I hate it when drinking is described as a way to "remove oneself from reality." For me, drinking never consciously felt like an escape--never once a way to avoid or to disconnect. If anything, my drinking felt like a total thrust into something fuller, deeper and more textured: a sort of careless splashing around in a huge vat of unsorted emotions, ebbing at a spasmodic pace. When I drank, I felt like it gave me full admittance into human interaction--a sudden, disarming ability to actually communicate, and to do so freely and authentically. It gave me license to become emotional, to discuss old topics of hurt or rejection and to respond to those old experiences hyperbolically. To get unapologetically lost in them. The next morning I would have forgotten the disclosures I made the night before, but with the steady wave of uneasiness I would still have the personal acknowledgement that I had gone there, however sloppy the attempt. Drowning in dopamine, feeling possible, wanting everyone around at once, talking, moving, whatever--if anything my reality seemed amped up, not watered down.
It's been a month since I had a drink. I found out that I had almost drank my pancreas into oblivion and that any future drink I have could potentially kill me. Not kidding. Did you know you can drink yourself to diabetes? it is true. My panic attacks weren't psychological--it was my blood sugar dipping so dangerously low my body was going into shock. And I knew I was at the helm, I knew the drinking was the cause, but still I put my body through it, again and again. I wanted the fully fleshed, dynamic, beat driven reality, even if I was making the beat with my head against the wall. I wanted to feel able to connect, the warm flush I got when we got through the pitcher and down to business, the truth just freely wheeling itself about the table with abandon. I would pay the price in the morning, over and over again. But that drunken reality turned out to be incapable of surviving dawn, the connections that felt so authentic and infinite wilting by morning into awkward and uneasy. There was nothing translatable in the actions I made during drunken attempts at life to daily, sustainable living. I could not work. I could pay my bills. I could not have an honest, sober conversation without a wave of panic. I could not plan and I would not have survived.
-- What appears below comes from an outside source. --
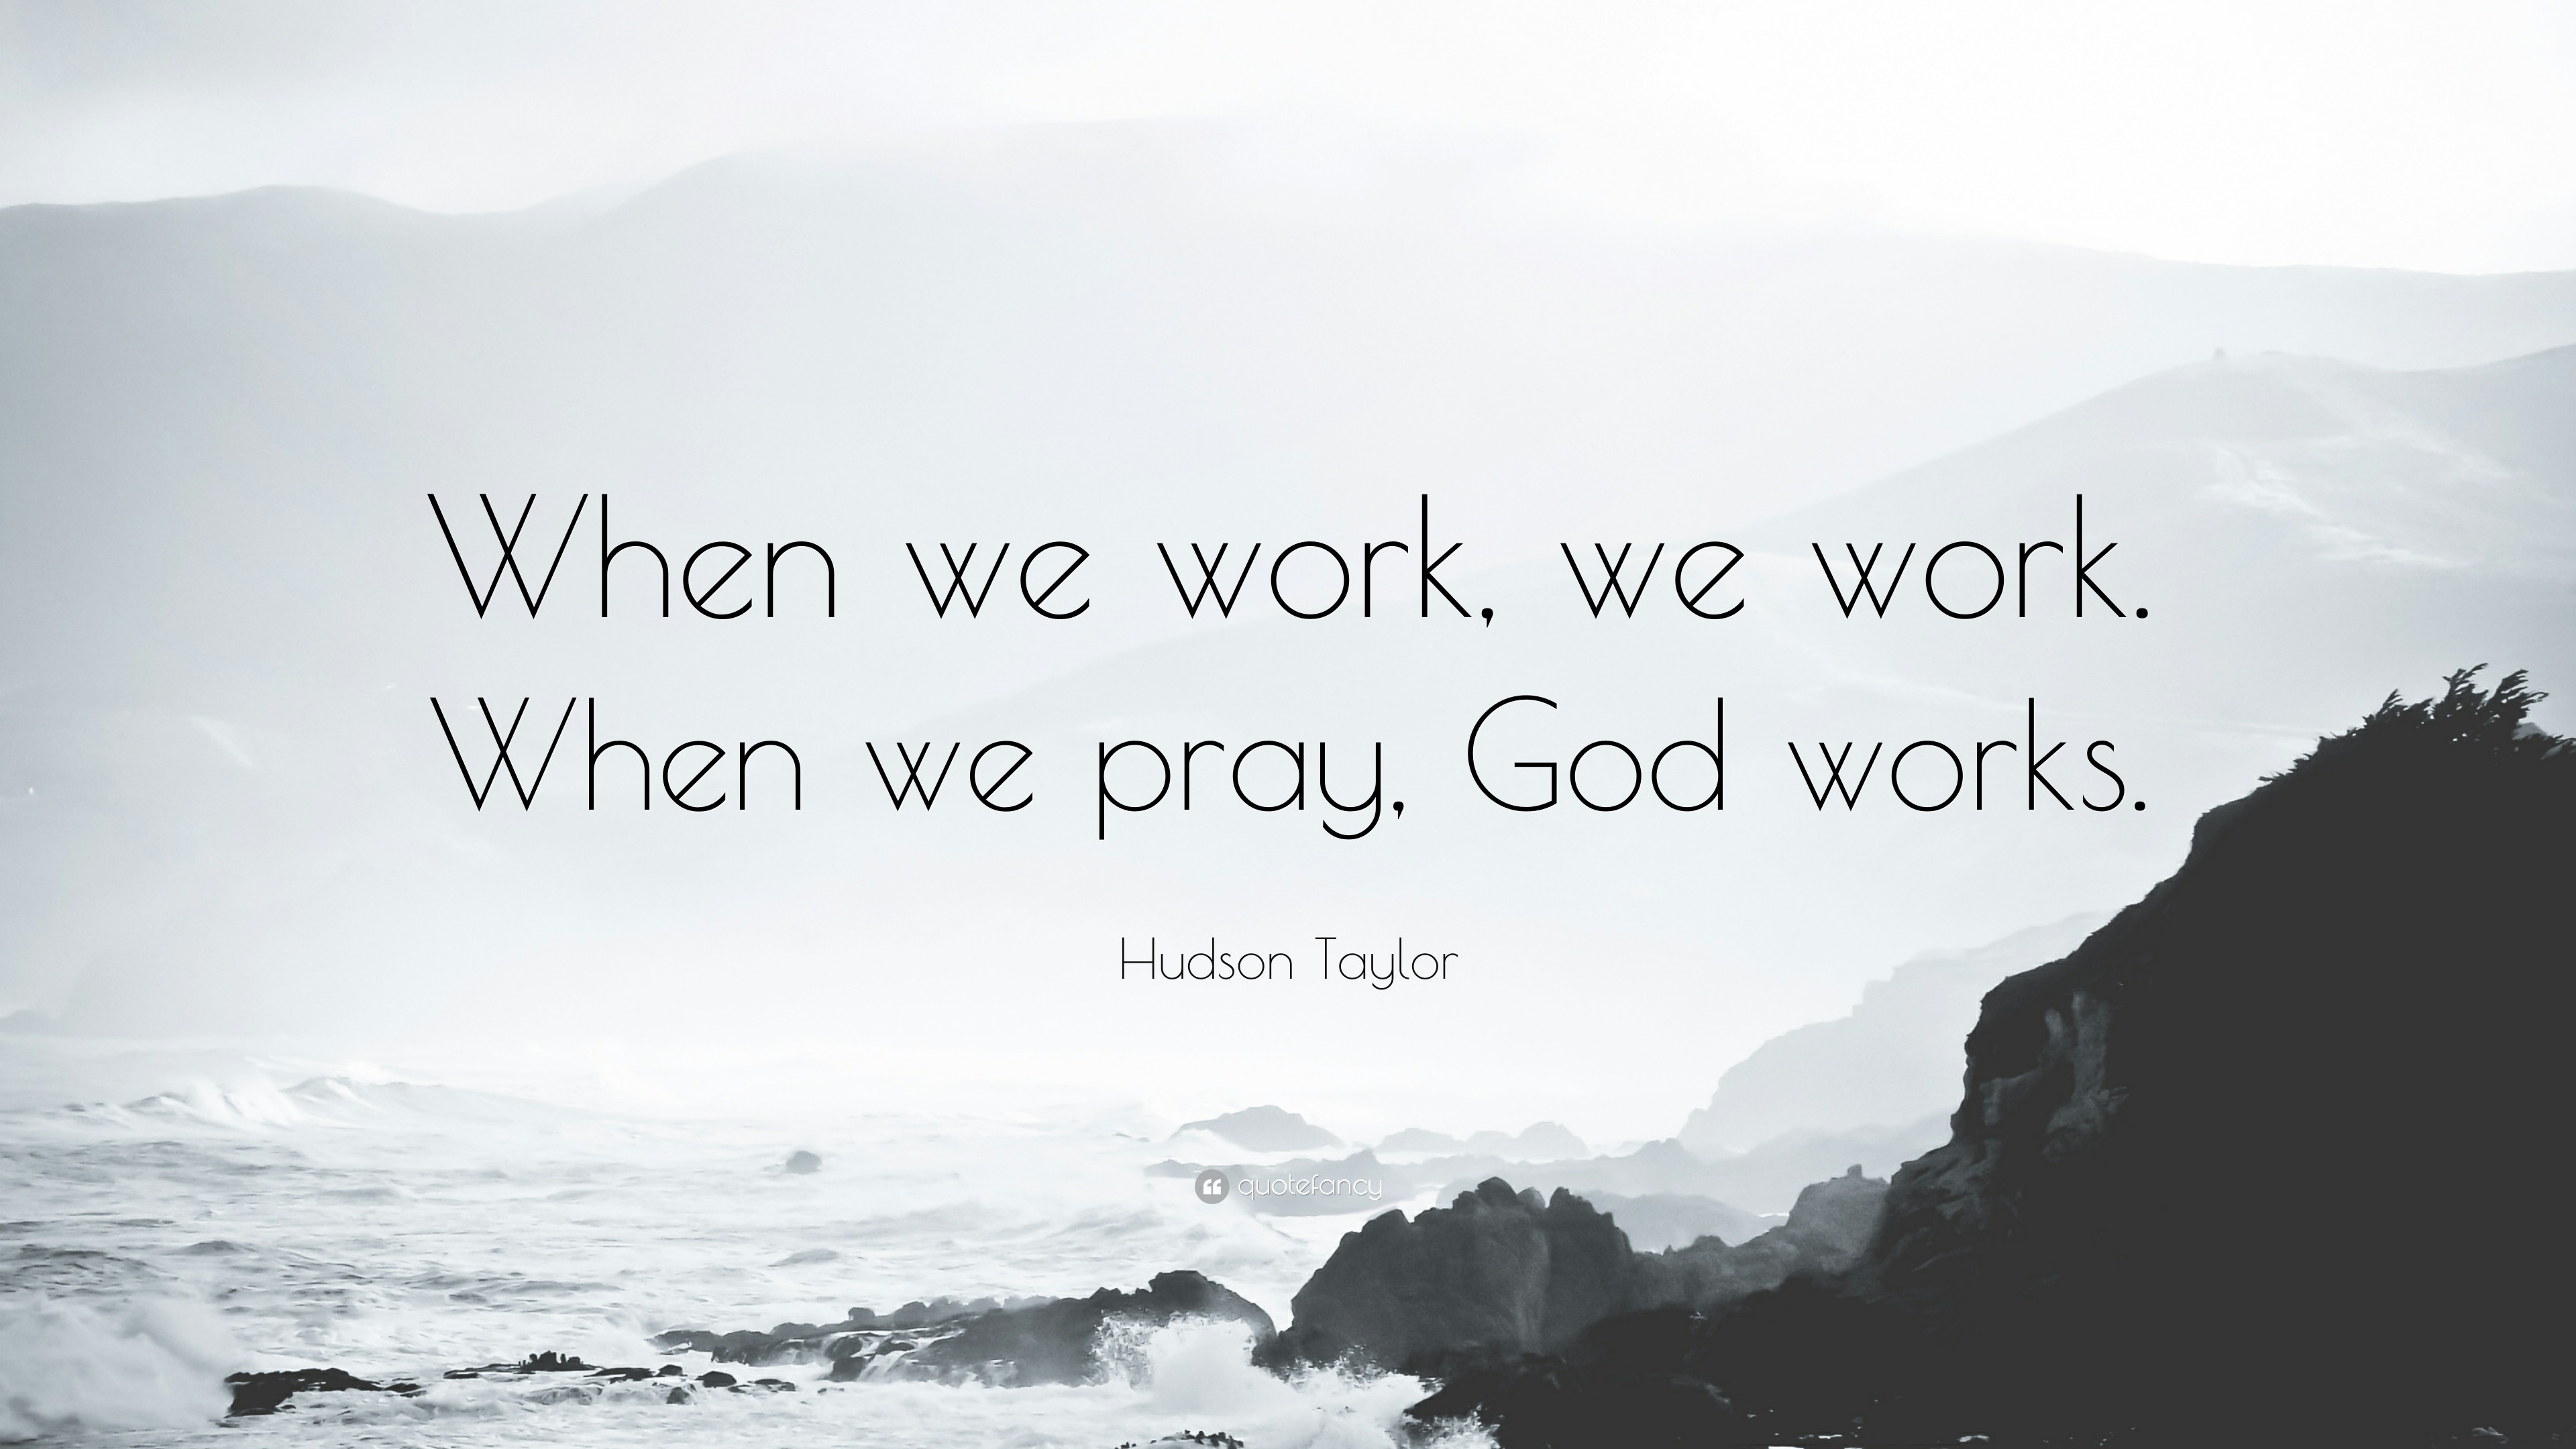 3840x2160 Christian Quotes: “When we work, we work. When we pray, God

I will always romanticize booze. I will always think of it as something fabulous and promising--something with a real power unlike anything else I had ever gotten into my mouth. To strip one of insecurities, to bolster confidence and flood one with chemicals of pleasure is quite an elixer, and I will never think of it as anything other than magical. I will probably always want to walk through the wine aisle, read the labels of the Cabernets and the Pinots, tasting in my head exactly how they'd swell on my tongue in between puffs of a fag. I will probably always catch the waft from a nearby glass of whiskey and try to imagine if it was Kentucky or Tennessee, quickly play through my head what expression I would have spread across my face is I got down a glass of my own. I fucking love alcohol, and I probably always will. But the party is over. The party has been over for a while. I've just been refusing to leave, minesweeping unmanned dixie cups of beer, trying to squeeze a mumbling conversation out of the dude half-awake on the couch.
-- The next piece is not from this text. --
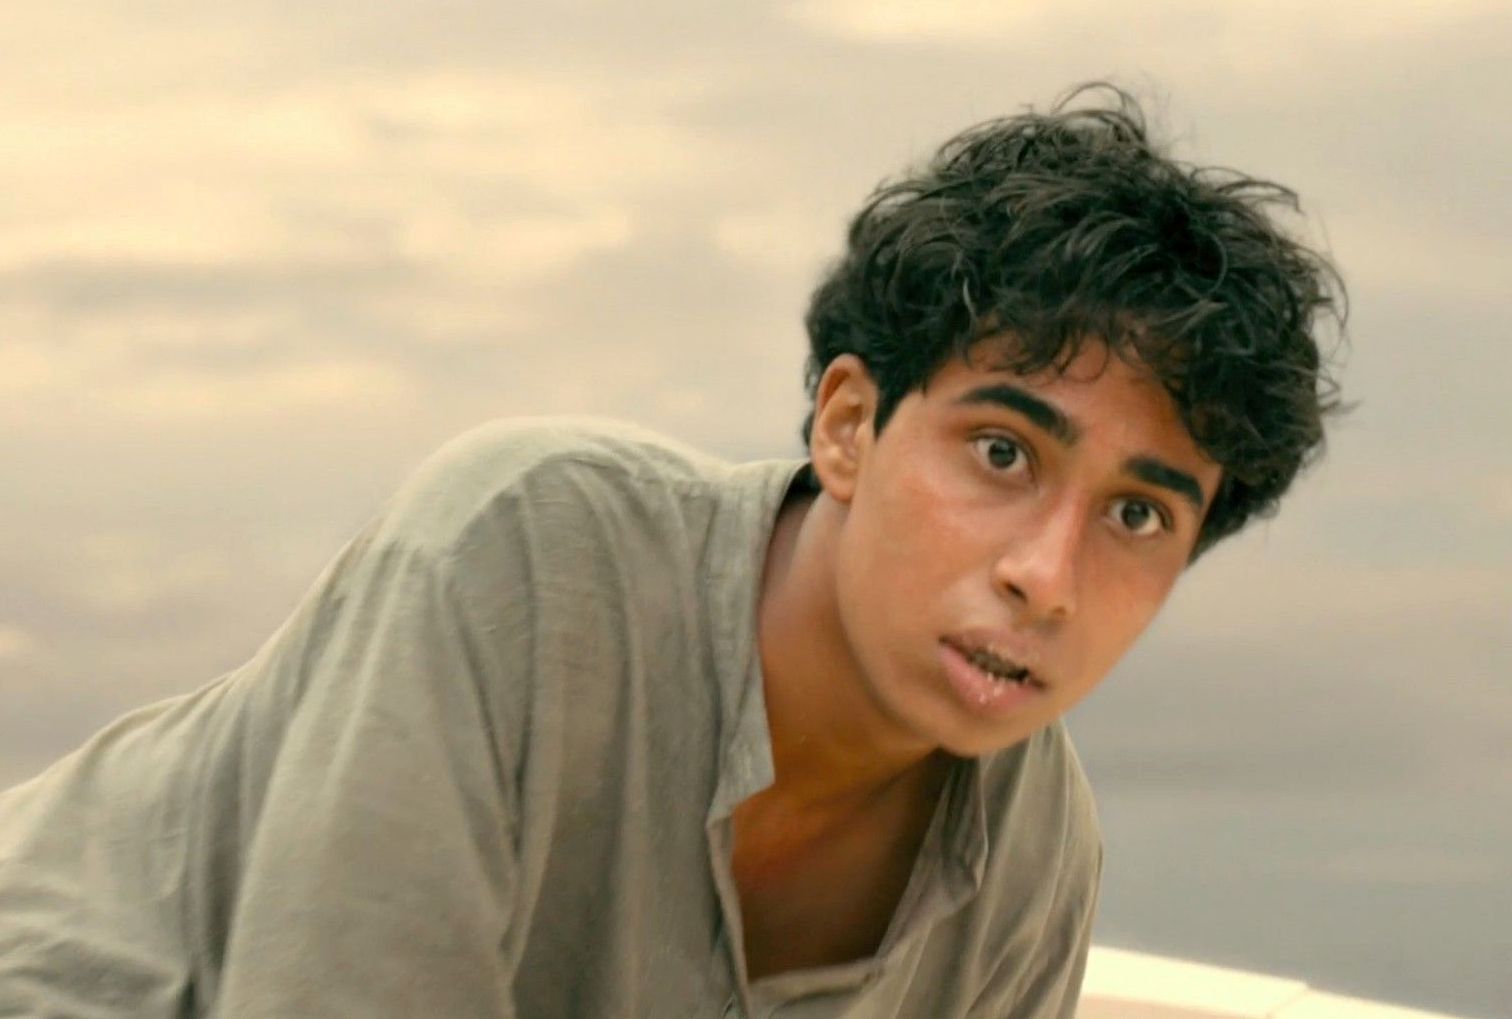 The Film Sufi “Life of Pi” Ang Lee (2012)

I'm lucky I almost killed myself, because there wasn't anything that was going to stop me except a direct, and fully understood threat to my life. If I drink again, my pancreas could blow. It seriously could just fucking blow. I know now that not having your health is not being fully alive. You cannot care about others when you feel your body everyday, yelling at you, putting you in perpetual pain. You cannot make good decisions, you cannot have a regular daily life. Nothing is worth your health, and I know that now that I'm getting mine back. I'm lucky I finally got a diagnosis. I was not being crazy, it was not in my head. I knew that on some level, but since nobody seemed to offer me any sort of further information I was left to draw my own conclusions. It feels terrifying that your youthful missteps can forever imbue you with disease. I don't want to be sick any more. I printed out some old photographs today to bring with me to Korea, but I don't think I'll bring any of the ones with me in the frame with me. I look so haggard, my eyes perpetually soggy and my facial expressions always twisted into some poor imitation of a happy person. I wonder how I was able to get by like that for so long, without anybody expressing much concern. I guess I was more convincing than it seems to me now.
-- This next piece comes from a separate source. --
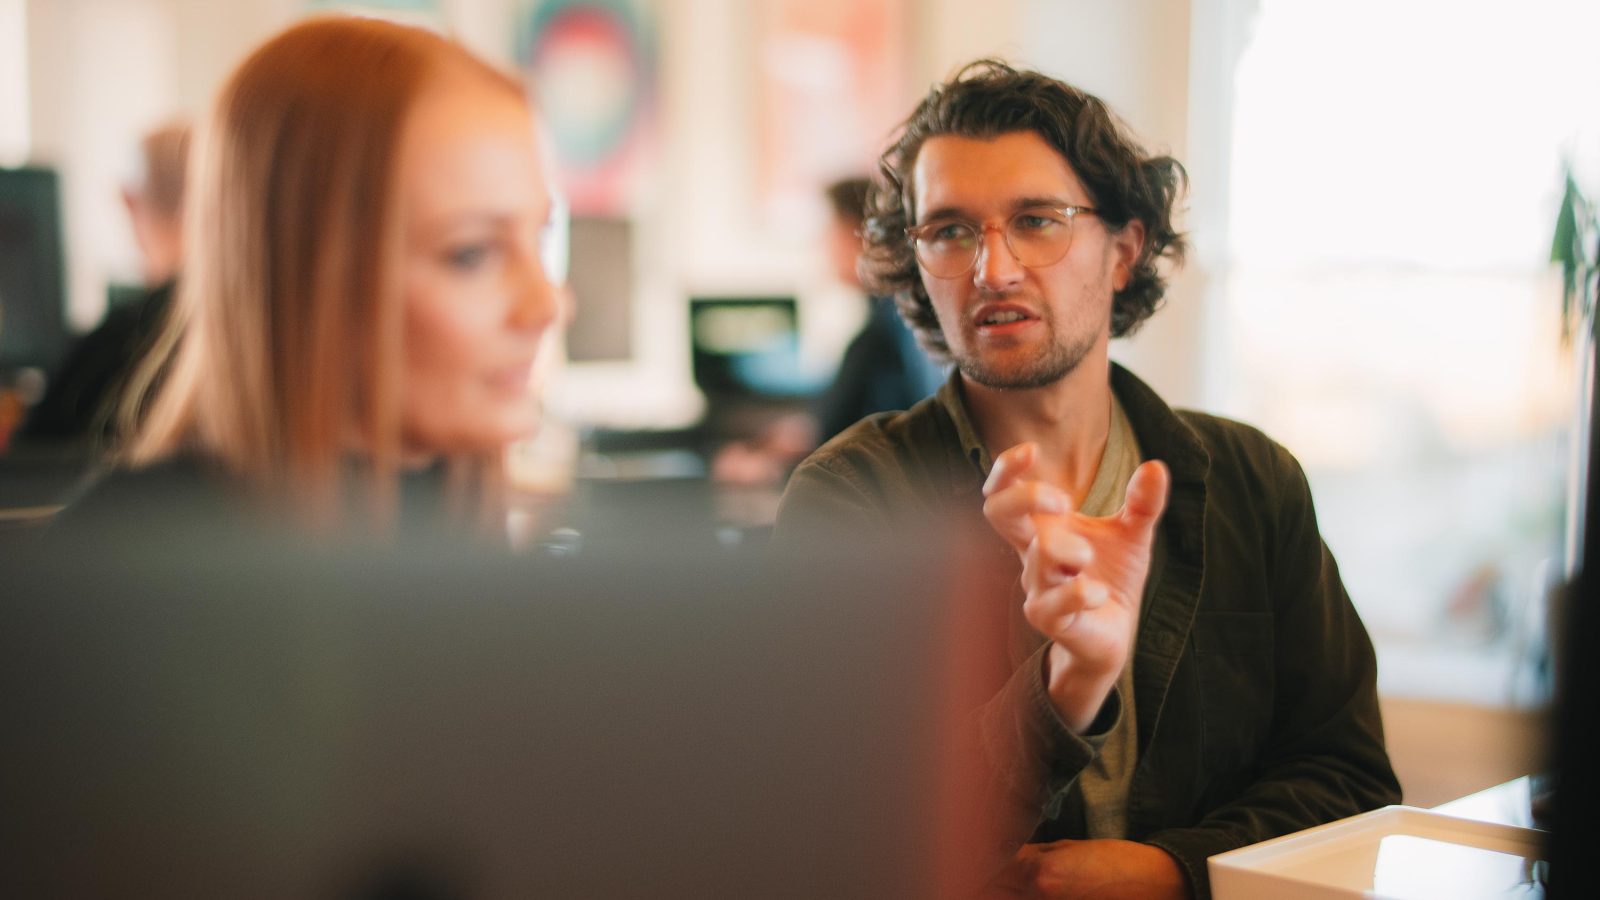 A man with curly hair gesturing while talking across the table to a focused redhead woman in an office setting, blurred computer screen displaying brand design in the foreground.

I leave for Chicago in the morning, and it's crushing. I didn't see anyone before I left but my mother. Tomorrow she'll drop me off at a hotel where I'll spend my last 3 days alone trying to finish up paperwork and get my head together for the three year exodus. I can't afford to get too emotional about it, as I'm fully aware of how much living abroad takes out of you emotionally and physically. I'm preparing myself for feeling a long-term, tangible loneliness that for once in my life I cannot chase away with whiskey. I may make friends, I may not. You never know with these things. I may enjoy it, I may not.
I wish I could have seen someone. Anyone. The way I've gone about this has left me feeling disarmed and unprepared, trying to manage my body and get healthy while working out logistics zapped me of the energy I would have rather spent on making sure I said goodbye right, and to the right people. At the end of the day though, I guess it doesn't really matter. Things end, people leave and they never come back whether you say goodbye or not.